What I  described might have been nice but, once the Founders were no longer available to consult on their original intent, our elected officials were left to interpret as best they could what the original intent was.  And, if the Constitution is open to interpretation, who has the final word? The Constitution belongs to the people and not to the government; so, in the end the people are the final arbiters and they exercise their decision with their votes. As a practical matter, the people’s representatives in government are charged through their oath to preserve, protect and defend the Constitution and therefore, they must interpret the constitutionality of every law and every Supreme Court decision.

Clearly throughout our history, our elected officials have not adhered to their oaths nor have the people been the least bit diligent in electing their representatives based on their knowledge of the Constitution and its original intent and in using their votes to remove those who have not lived-up to their oaths.

What prompted me to write this post was an article in National Review Online written by a student a Harvard Law School, Joel Alicea.  The title of Joel’s article is Questioning the Supreme Court’s Supremacy and what caught my eye was this:

The most dramatic challenge to the Supreme Court’s authority as the ultimate constitutional interpreter has come from former speaker of the House Newt Gingrich, who gave a speech at the Value Voters Summit earlier this month asserting that the constitutional judgments of the president and Congress are entitled to as much respect as those of the Court. Mr. Gingrich promised that, as president, he would challenge the Court’s role as the final arbiter of constitutional meaning — he would even ignore a Court decision if he strongly believed that the Court’s judgment on an important issue was contrary to the true meaning of the Constitution.

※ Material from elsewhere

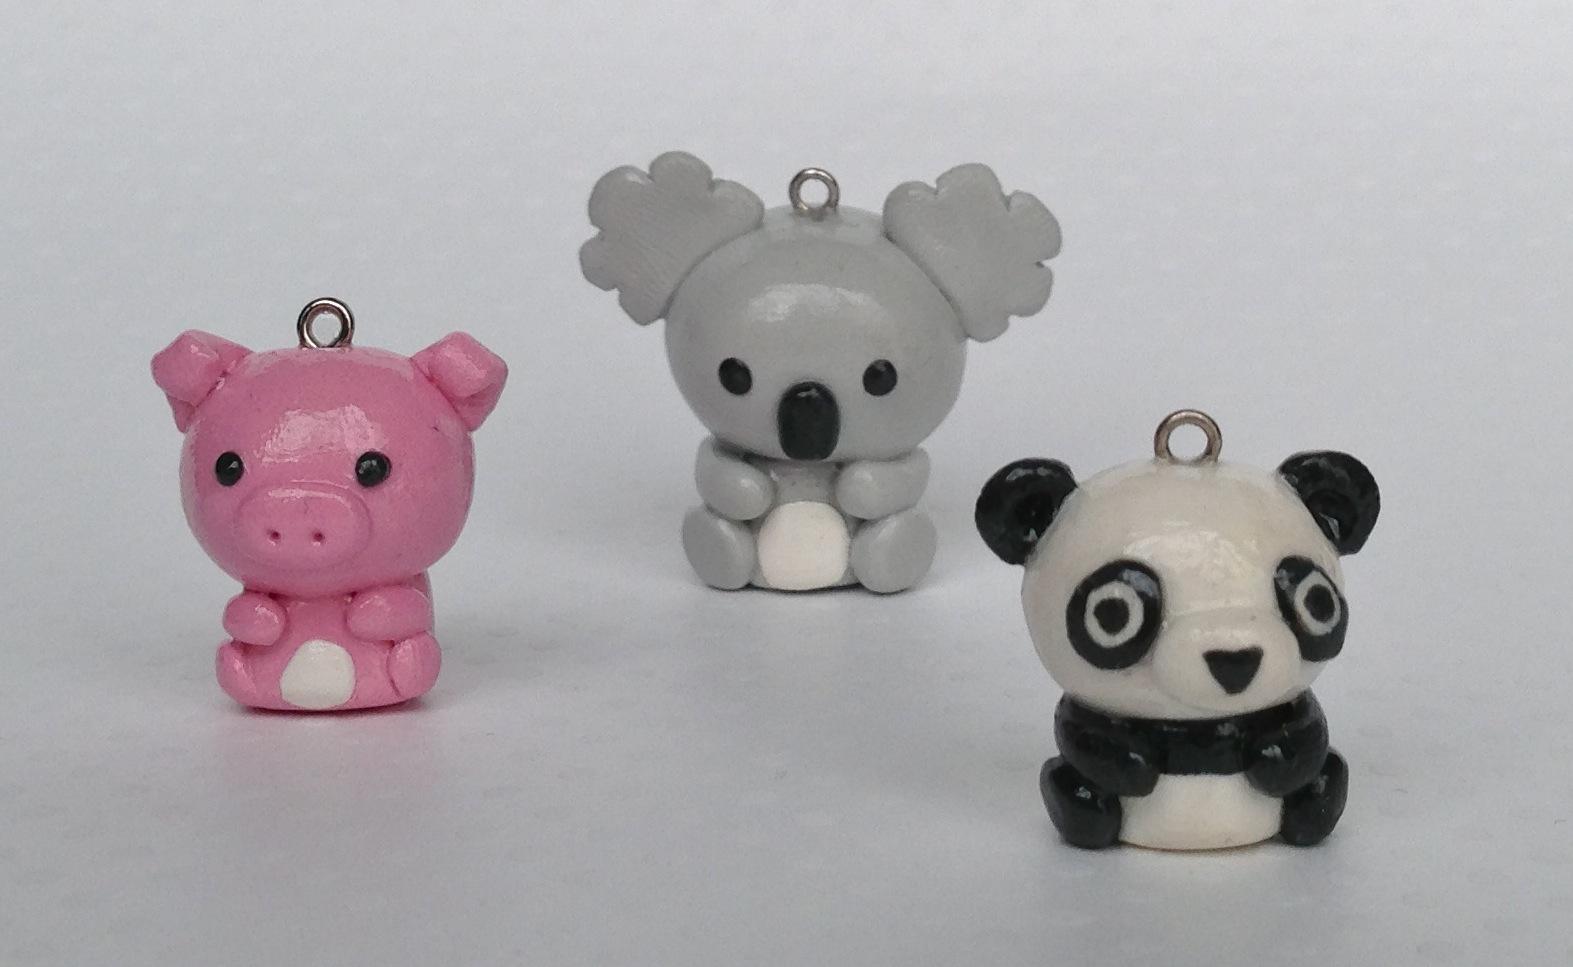 Cute Polymer Clay Animals | Car Interior Design

If you read the article, you will find that a number of intellectuals and pundits do in fact support the idea that the Supreme Court is the final arbiter of the Constitution. To me the idea is absurd on its face. If the Supreme Court had the final word we would not be a constitutional republic but a constitutional oligarchy. The members of the Supreme Court are not elected by the people. The Supreme Court is not an equal branch of our federal government.The most powerful branch of government is the two houses of Congress. The House controls the purse strings and together with the Senate they can impeach a President or a  federal judge.

Getting back on point. Since our founding, our elected presidents and congressmen and senators and our appointed Supreme Court justices have in general not lived-up to their oaths to preserve, protect and, defend our constitution. And, we the people have shirked our responsiblity to elect those that would honor the oath they take.

Well, we can’t go back in time and have a do-over, unfortunately. But, if enough of the electorate want to begin a do-over in the next election cycles, we could bring about tremendous change in this country solely by returning to the Constitution’s original intent.

What if we elected in 2012 a President that was well versed in the Constitution and its original intent and who took his/her oath of office very seriously? What could he/she do? Plenty! Theoretically and constitutionally, this new President could, without the consent of Congress, decide that thousands of our federal laws were not constitutional and, therefore, tell the justice department to stop enforcing those laws. This new president could unilaterally decide that any number of government agencies were unconstitutional and, therefore, shut them down.  There are two parts to deciding if a law or an agency is unconstitutional. Something can be unconstitutional because it violates our inalienable rights. Something may be unconstitutional for the federal government but not necessarily unconstitutional for a state or local government.

Other than public opinion pressure, there is nothing to stop a president from taking such measures except impeachment. As long as this President had sufficient support in Congress, he/she could not be stopped from taking such measures.

There is also much a new Congress could do. If the votes are there, they could review all past Supreme Court decisions and decide if some of them should be declared unconstitutional.

Obviously, how far and how fast a president or congress moved to declare laws and Supreme Court decisions unconstitutional would have to be tempered by politics. For in the end, it is the people that have the final word and the people don’t necessarily make their decisions based on their interpretation of the Constitution, do they? My point is, even taking politics into account, there is much a new president and anew congress could do. They have the power and they have the obligation of their oaths to do what is right constitutionally.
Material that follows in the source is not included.